Dimension Reduction through Principal Components Analysis
I used a data reduction approach called principal components analysis to help determine which tools tend to be used together. This approach groups the tools by looking at the relationship among all tools simultaneously. In general, principal components analysis examines the statistical relationships (e.g., covariances) among a large set of variables and tries to explain these correlations using a smaller number of variables (components).
The results of the principal components analysis are presented in tabular format called the principal component matrix. This matrix is an NxM table (N = number of original variables (in this case, data science tools) and M = number of underlying components). The elements of a principal component matrix represent the relationship between each of the data science tools and the underlying components. These elements represent the strength of relationship between the variables and each of the underlying components. By analyzing tool usage, the results of the principal components analysis will tell us two things:
- number of underlying components (tool groupings) that describe the initial set of data science tools
- which data science tools are best represented by each tool grouping
This use of principal components analysis is exploratory in nature. That is, I didn’t impose a pre-defined structure on the data itself. The pattern of relationships among the 48 tools drove the pattern of results. While human judgment comes into play in the determination of the number of components that best describe the data, the selection of the number of components is based on the results. The goal of the current analysis was to explain the relationship among the 48 tools with as few components as was necessary. Toward that end, there are a couple of rules of thumb that I used to determine the number of components using the eigenvalues (output of principal components analysis). One rule of thumb is to set the number of components based on the number of eigenvalues greater than unity (1.0). Another way is to plot (called a scree plot) the 48 eigenvalues to identify a clear breaking point along the eigenvalues.
The plot of the eigenvalues appeared to break around the 13th and 14th eigenvalue. Also, there were 14 eigenvalues greater than unity. Therefore, I chose a 14-factor solution to explain the relationships among the 48 data science tools.
Based on a 14-factor solution, the principal component matrix (see Table 1) was somewhat easy to interpret. Some of the cell values in the matrix in Table 1 are bold to represent values greater than .32. The components’ headings are based on the tools that loaded highest on that component. For example, three IBM products loaded highly on component 8, showing that usage of these tools by a given respondent tend to go together (if you use one of IBM’s tools, you tend to use the other(s)); as a result, I labeled that component as IBM. Similarly, based on the tools that were highly related to the other 13 components, the other 13 components were labeled accordingly.
The results suggest that 14 tool grouping describe the data well.
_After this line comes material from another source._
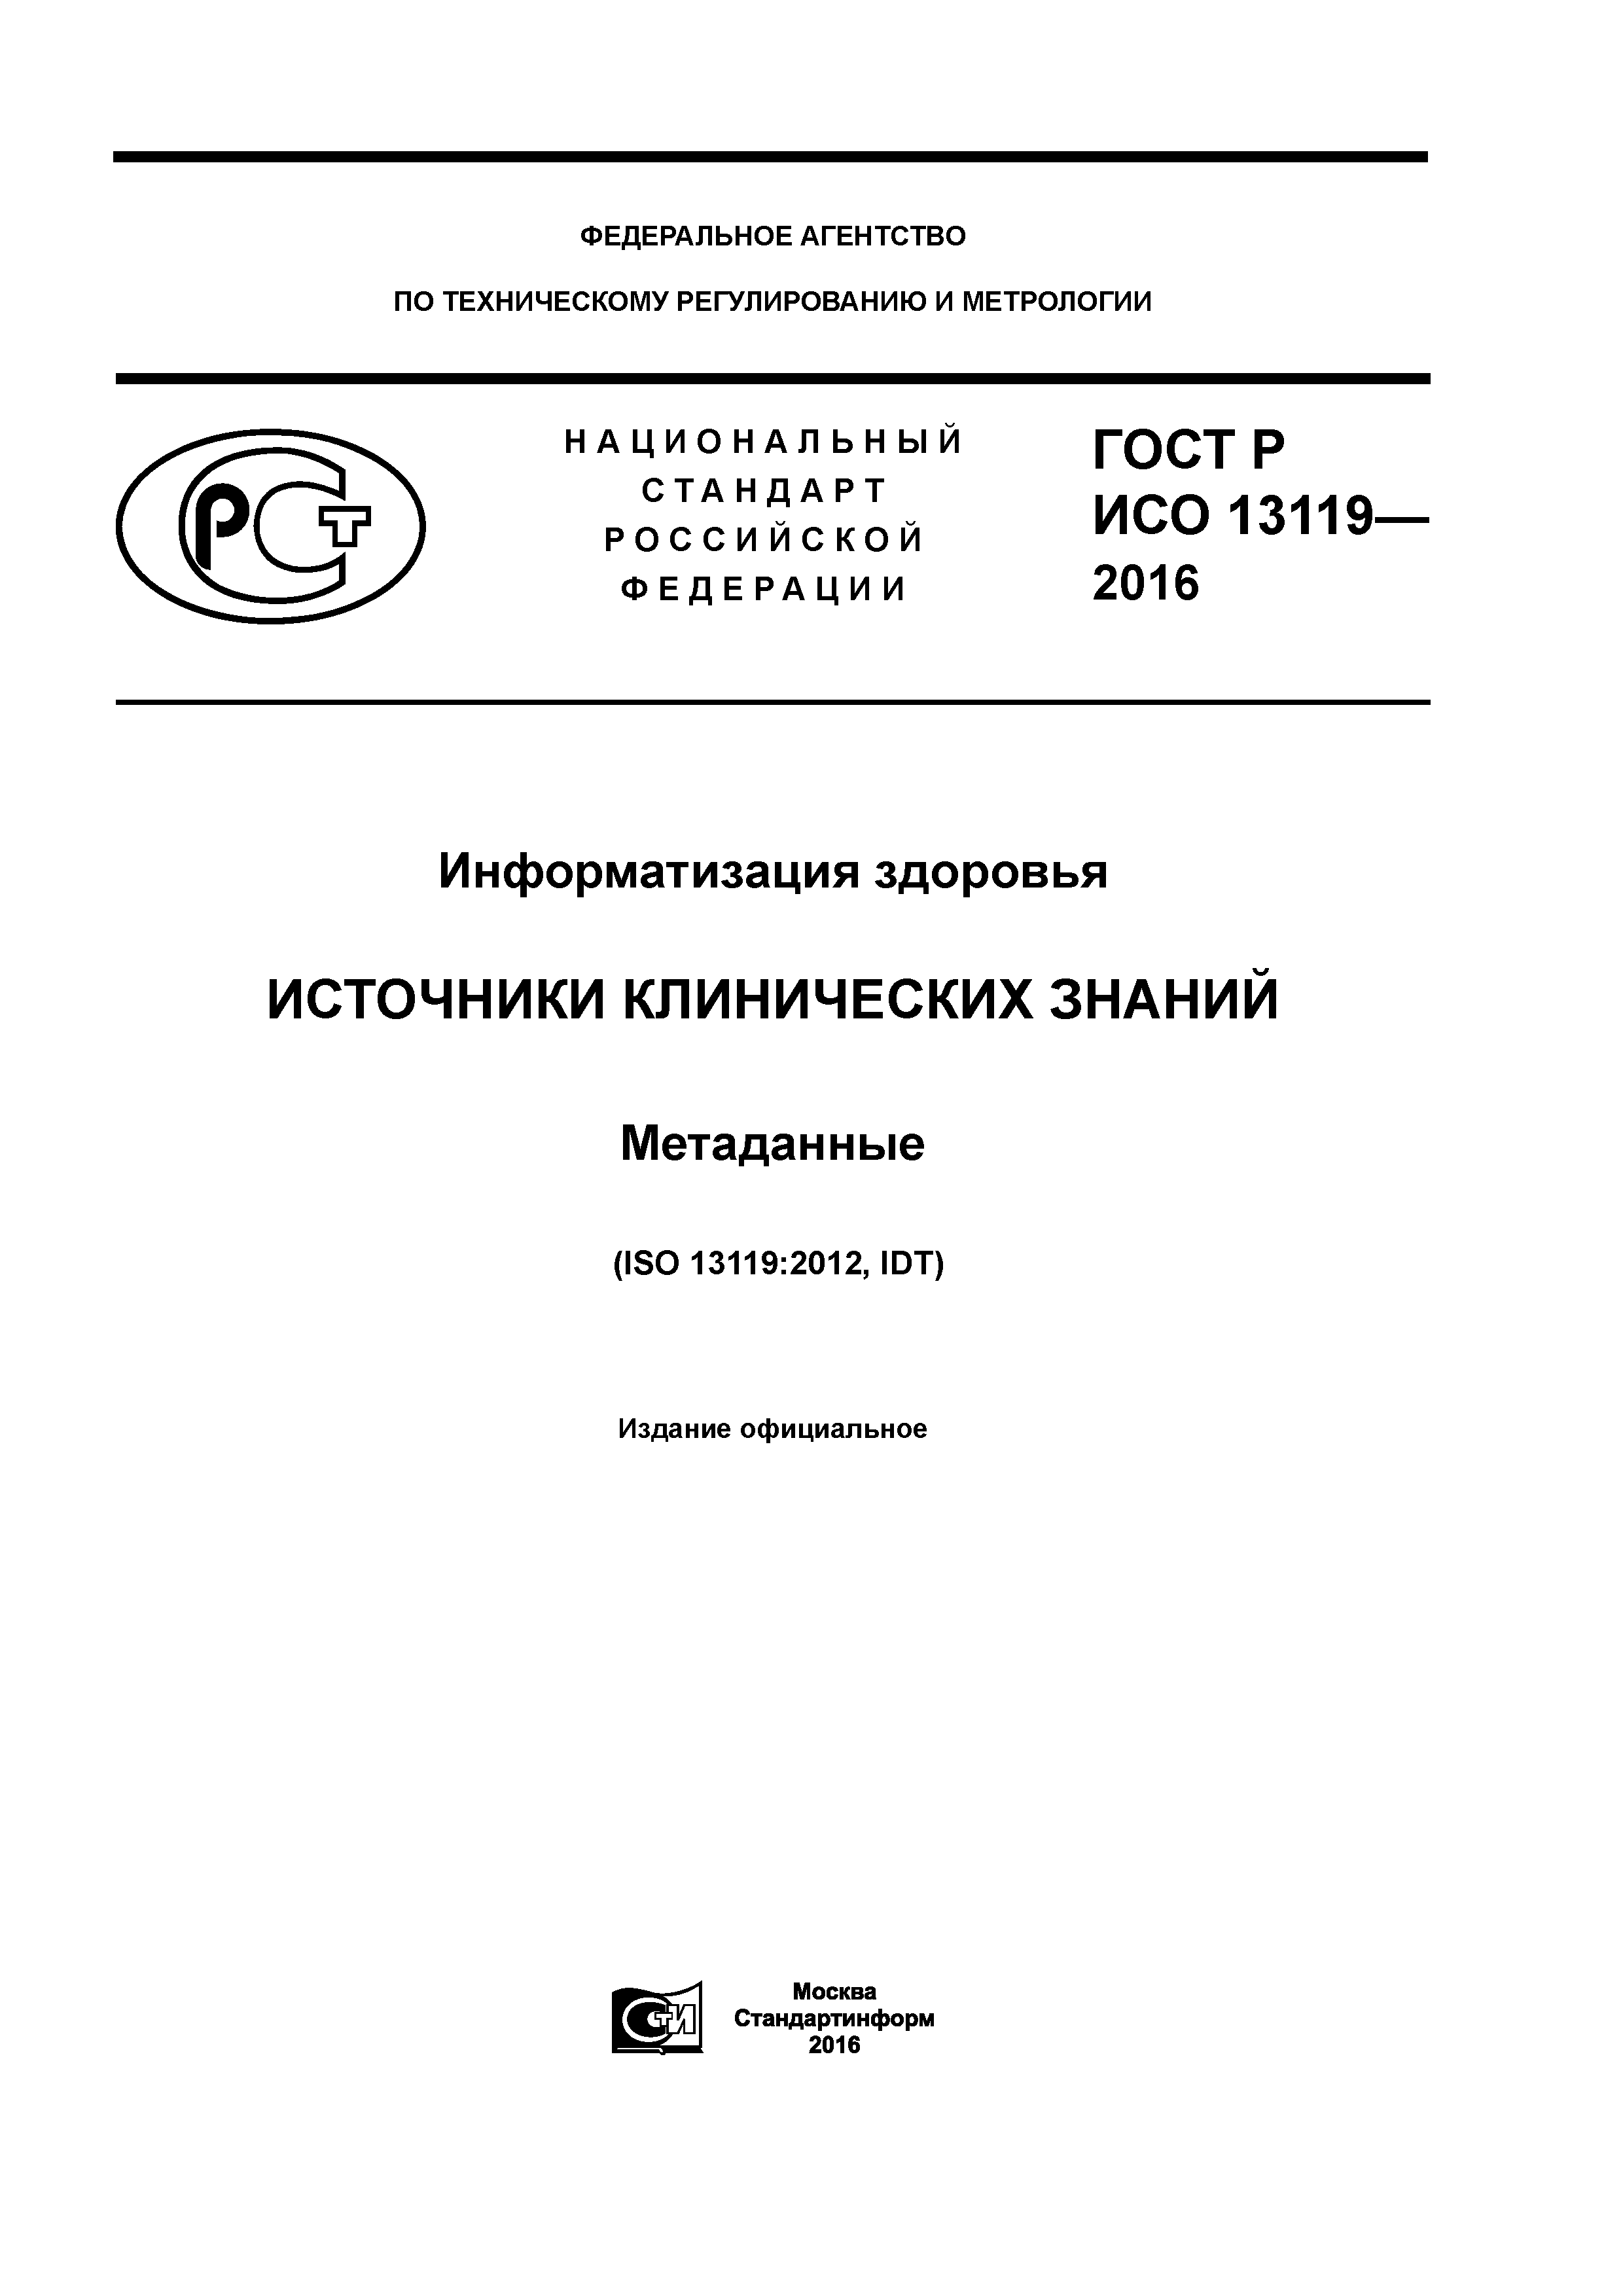 ГОСТ Р ИСО 13119-2016

I’ve listed the 14 groupings below by including the tools that describe each grouping. Tools that fall within a specific group tend to be used together.
- Python, Jupyter notebook, TensorFlow, SQL, Unix shell / awk, R
- Cloudera, Impala, Hadoop / Hive / Pig, Flume, Spark / MLlib
- MS R Server, MS SQL Server DM, MS Azure, MS Excel DM
- SAS Base, SAS Enterprise Miner
- KNIME (free, commercial), RapidMiner (free, commercial), Orange
- MATLAB / Octave, C/C++, Mathematica
- IBM SPSS Modeler, IBM Watson, IBM Cognos
- Amazon ML, Google Cloud Compute, Amazon Web Services
- Minitab, IBM SPSS Statistics
- Perl, Java, Oracle Data Mining / Oracle R Enterprise
- Salfrod Systems, Angoss
- TIBCO Spotfire, QlikView
- Stan, Julia
- SAP Business-Objects Predictive Analytics, SAS JMP
There were four data science tools that did not clearly load on a single component; these tools include DataRobot, NoSQL, Statistica (Quest/Dell, formerly Statsoft) and Tableau. It appears these four data science tools are not typically associated with any single data science tool. For example, NoSQL use is moderately related to the use of Python (component 1), Cloudera (component 3) and Perl (component 11). Also, the use of Tableau is related to the use of Minitab (component 9) and TIBCO Spotfire (component 12).
The use of specific data science tools, technologies and languages tend to occur together. Based on the current analysis of tool usage, the 48 tools can be grouped into a smaller subsets of tools. The results of the current analysis are somewhat consistent with the prior results. I generally found product grouping based brands (e.g., Amazon, IBM, SAS, Microsoft) such that data professionals who use a specific tool from a brand likely use other tools from that same brand.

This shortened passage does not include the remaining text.